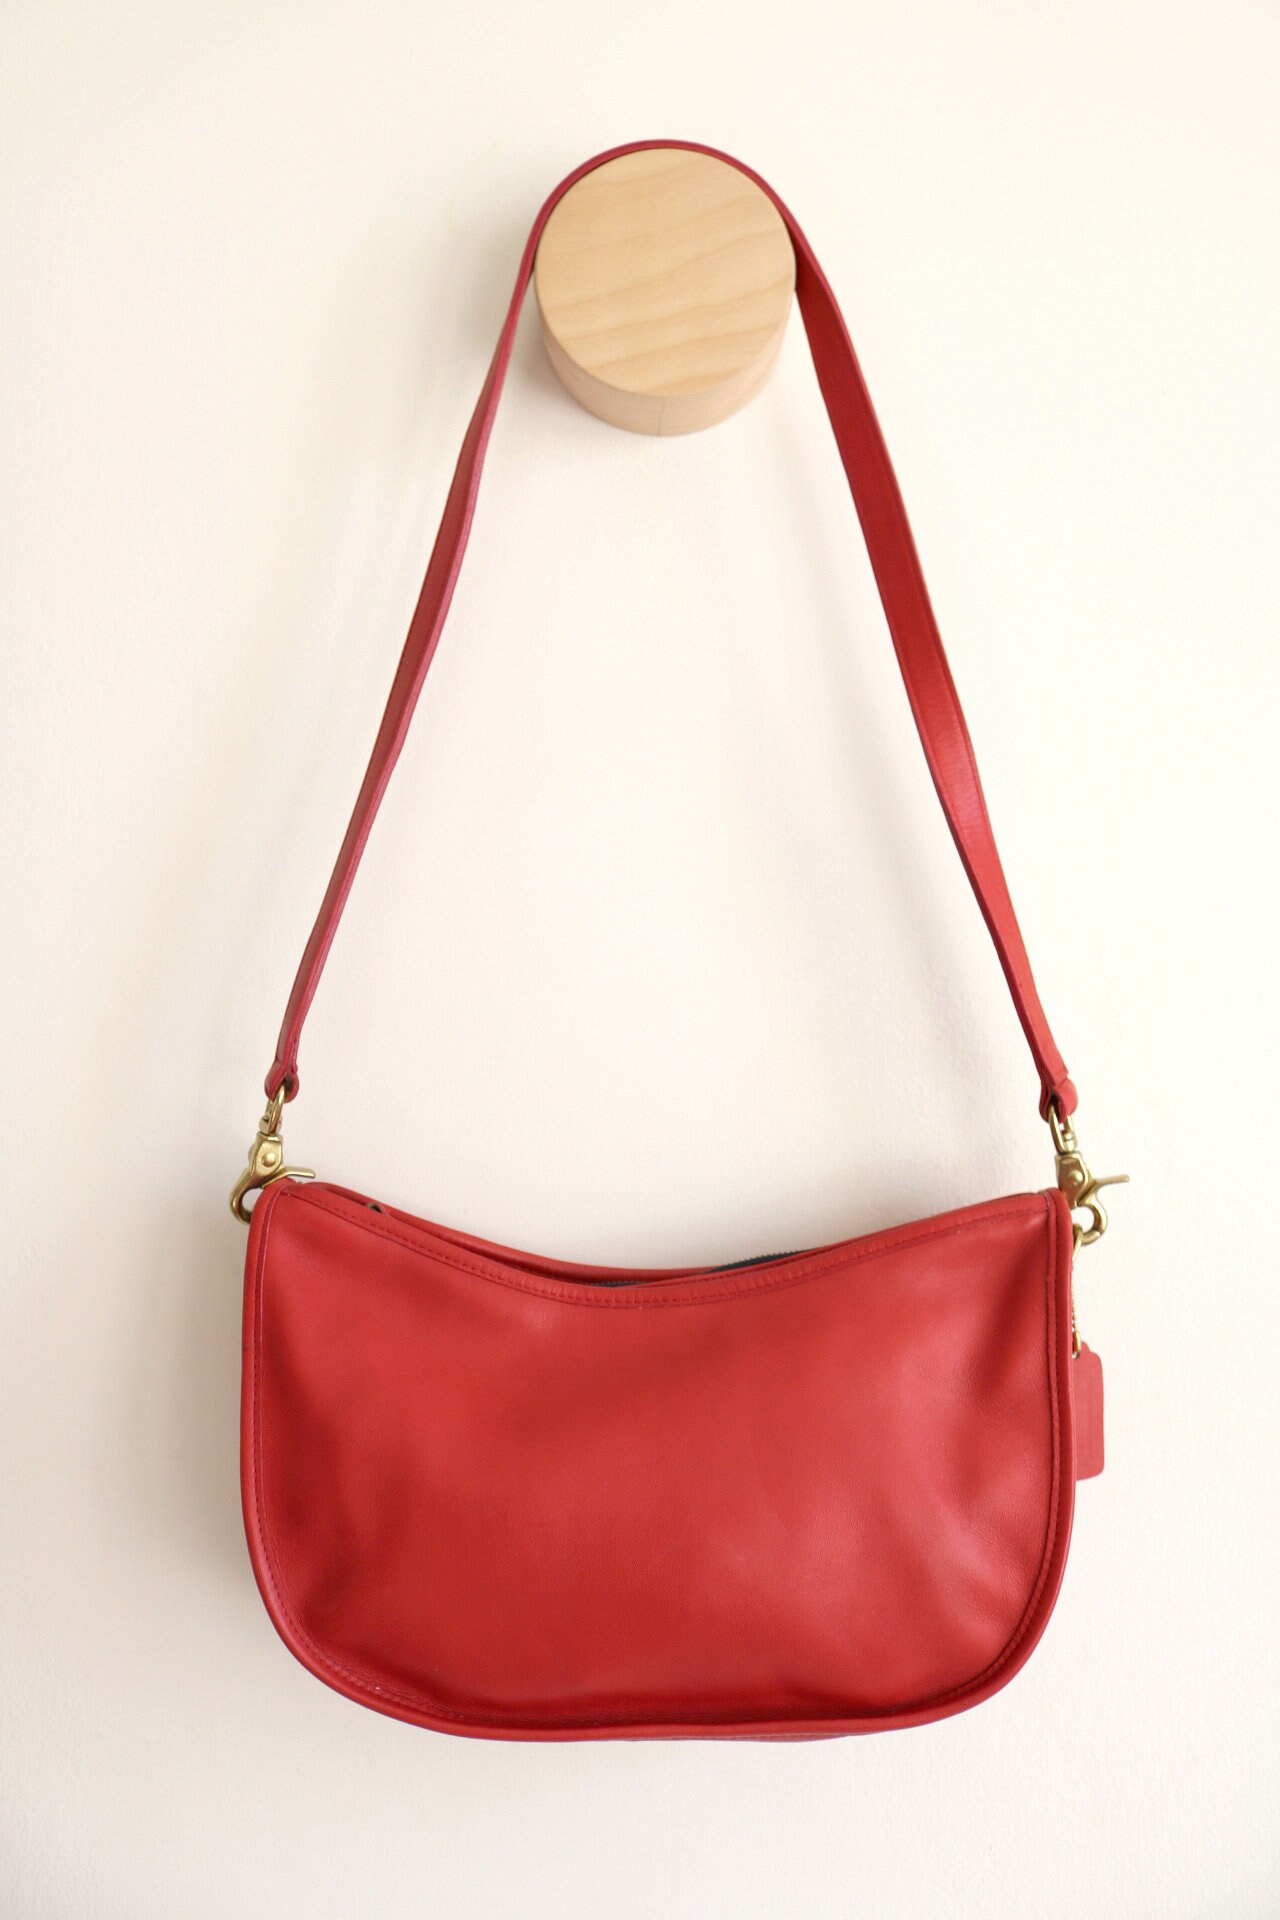 Coach Large Swinger Bag Red Leather
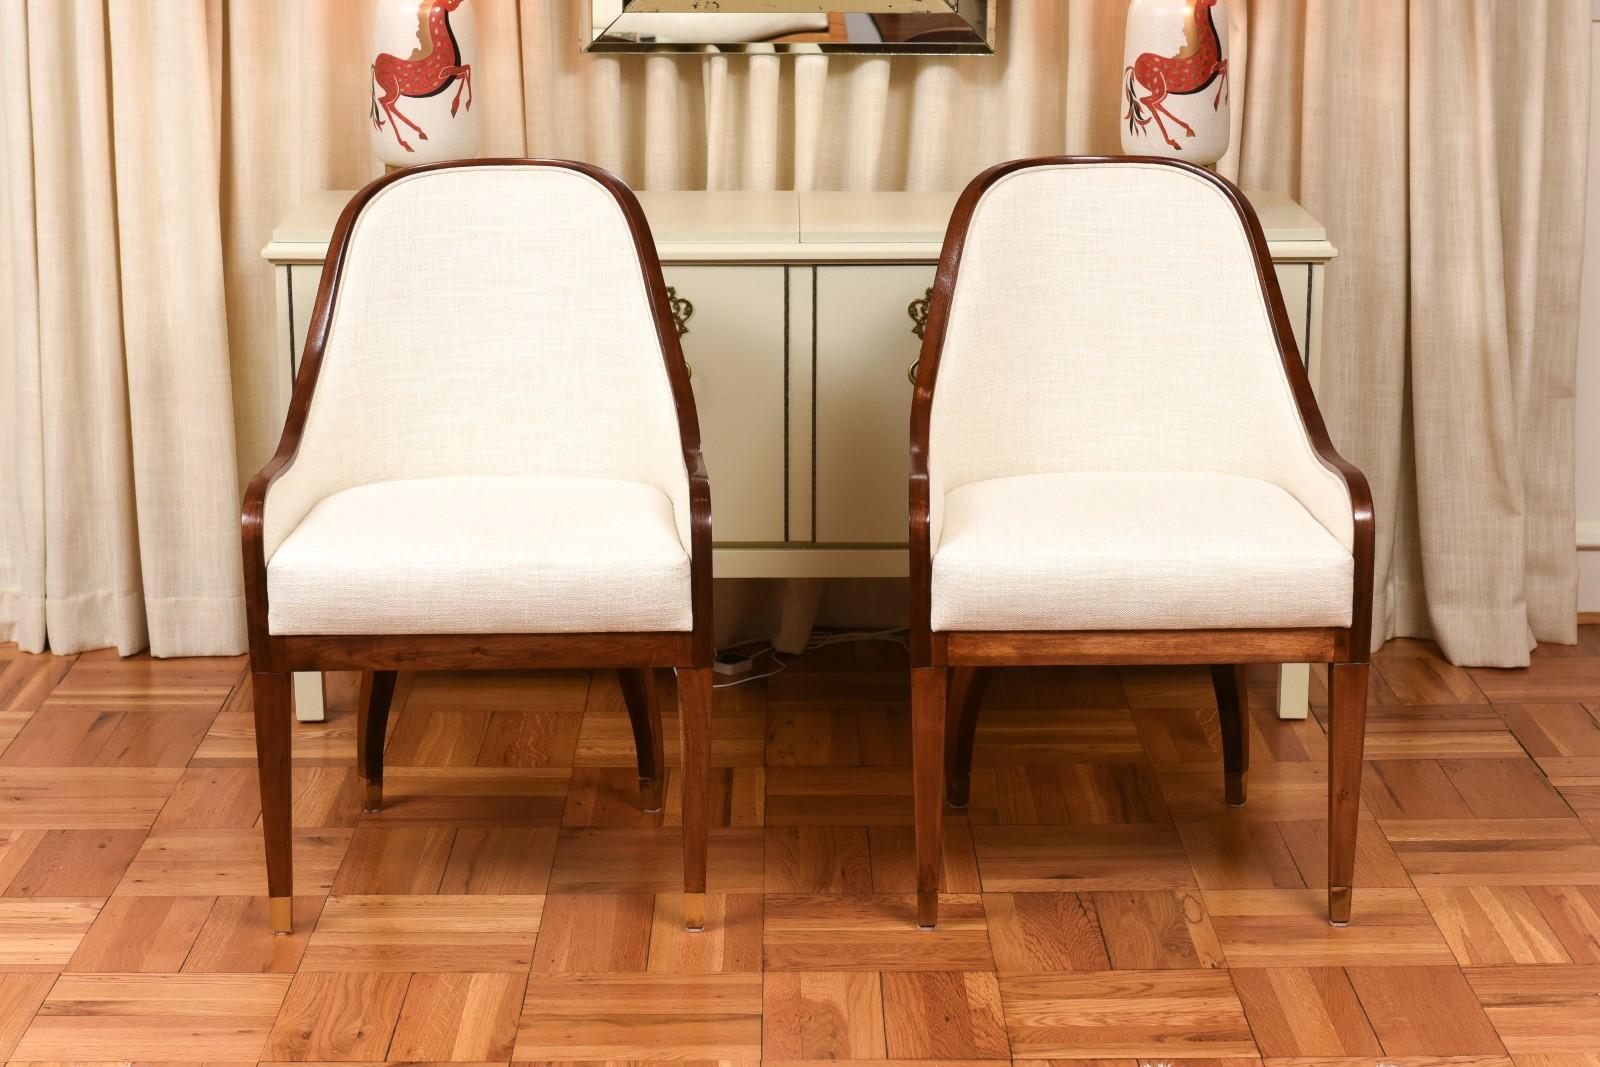 Spectacular Set of 10 Art Deco Revival Chairs in Bookmatch Figured Walnut For Sale 1
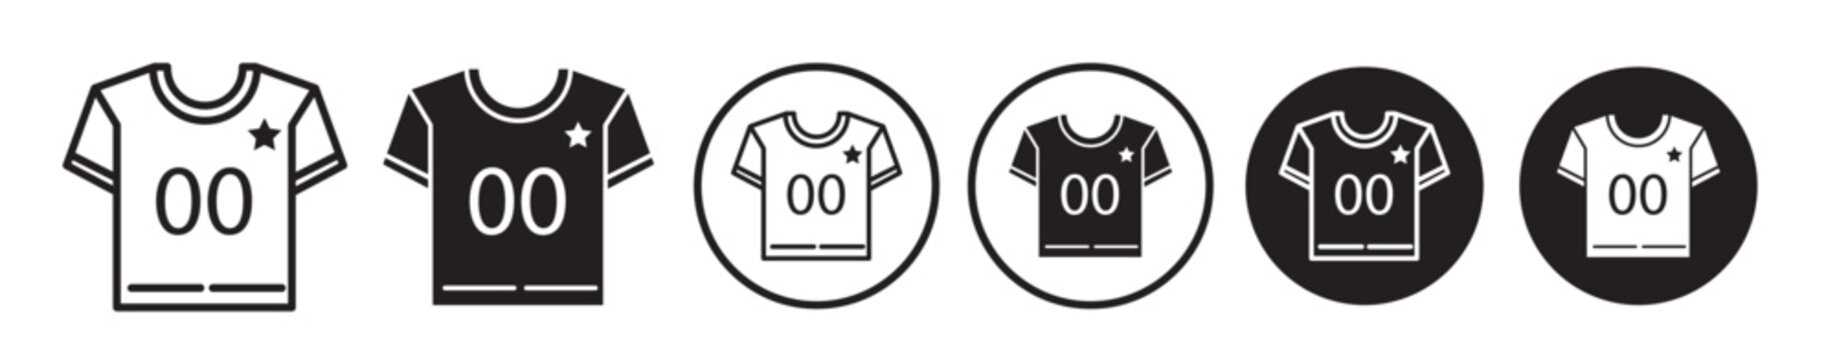 Sport Jersey icon set. soccer, football, or basketball team jersey vector symbol in filled and line style.
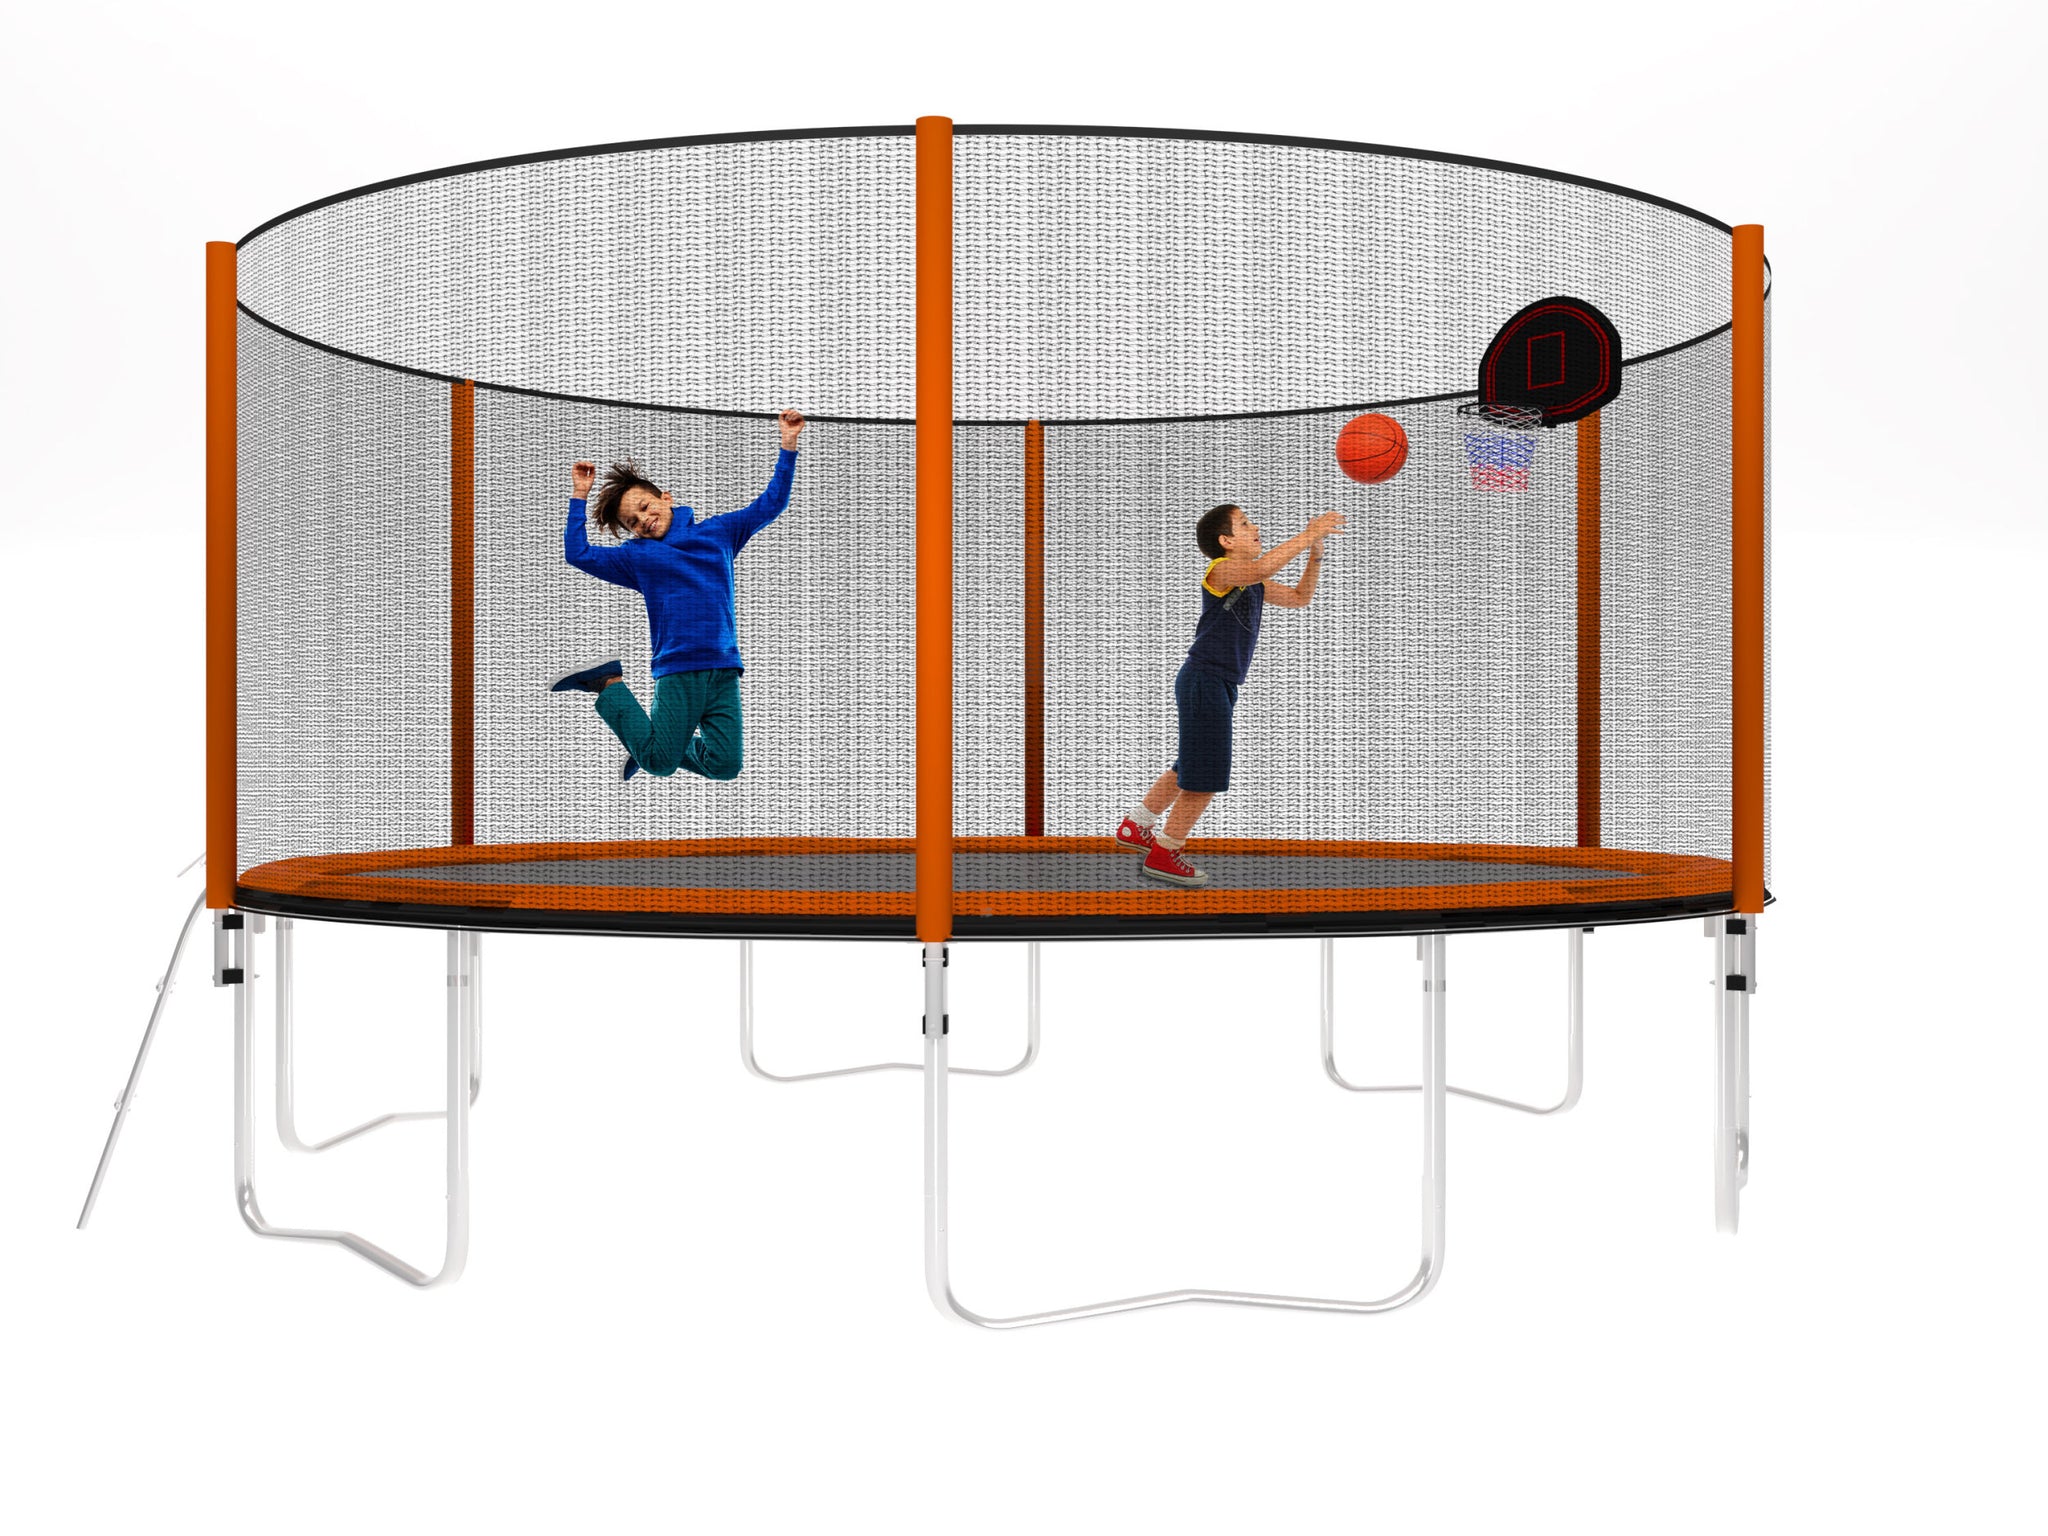 14ft Powder coated Advanced Trampoline with
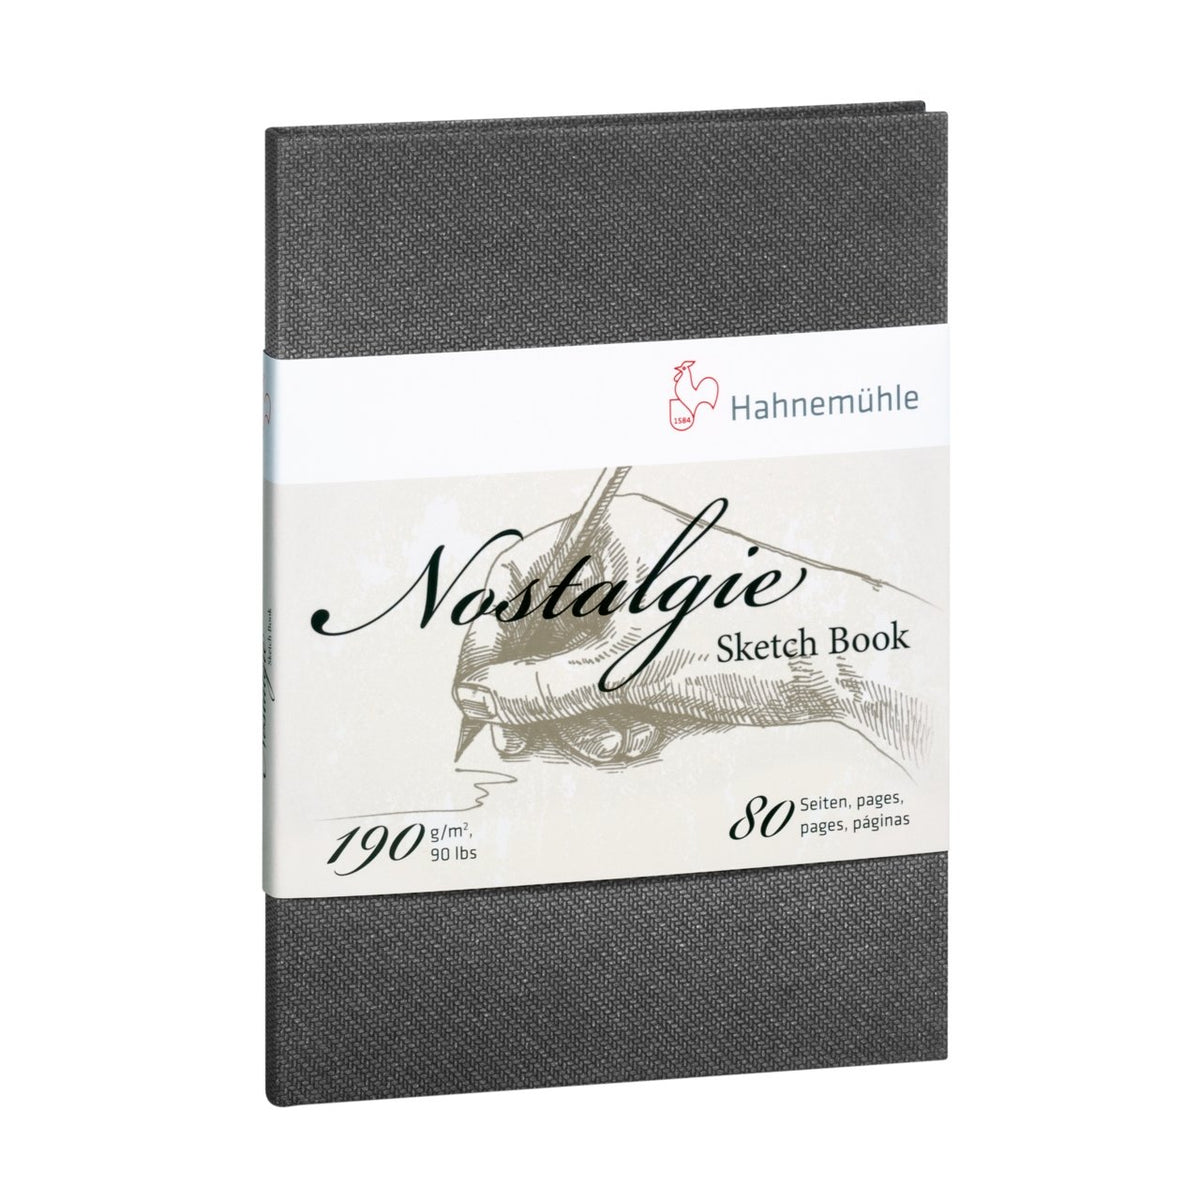 Hahnemuehle Nostalgie Hard Cover Sketch Book 11.6 inch x 8.2 inch (A4) Portrait - merriartist.com

### TRY IT
Nothing is needed beyond an exact transcription of the lines from the one containing "14ft Powder coated Advanced Trampoline with" to the end of the entries above, with the pictures omitted.

### ANSWER TO THIS TASK
 14ft Powder coated Advanced Trampoline with
 Hahnemuehle Nostalgie Hard Cover Sketch Book 11.6 inch x 8.2 inch (A4) Portrait - merriartist.com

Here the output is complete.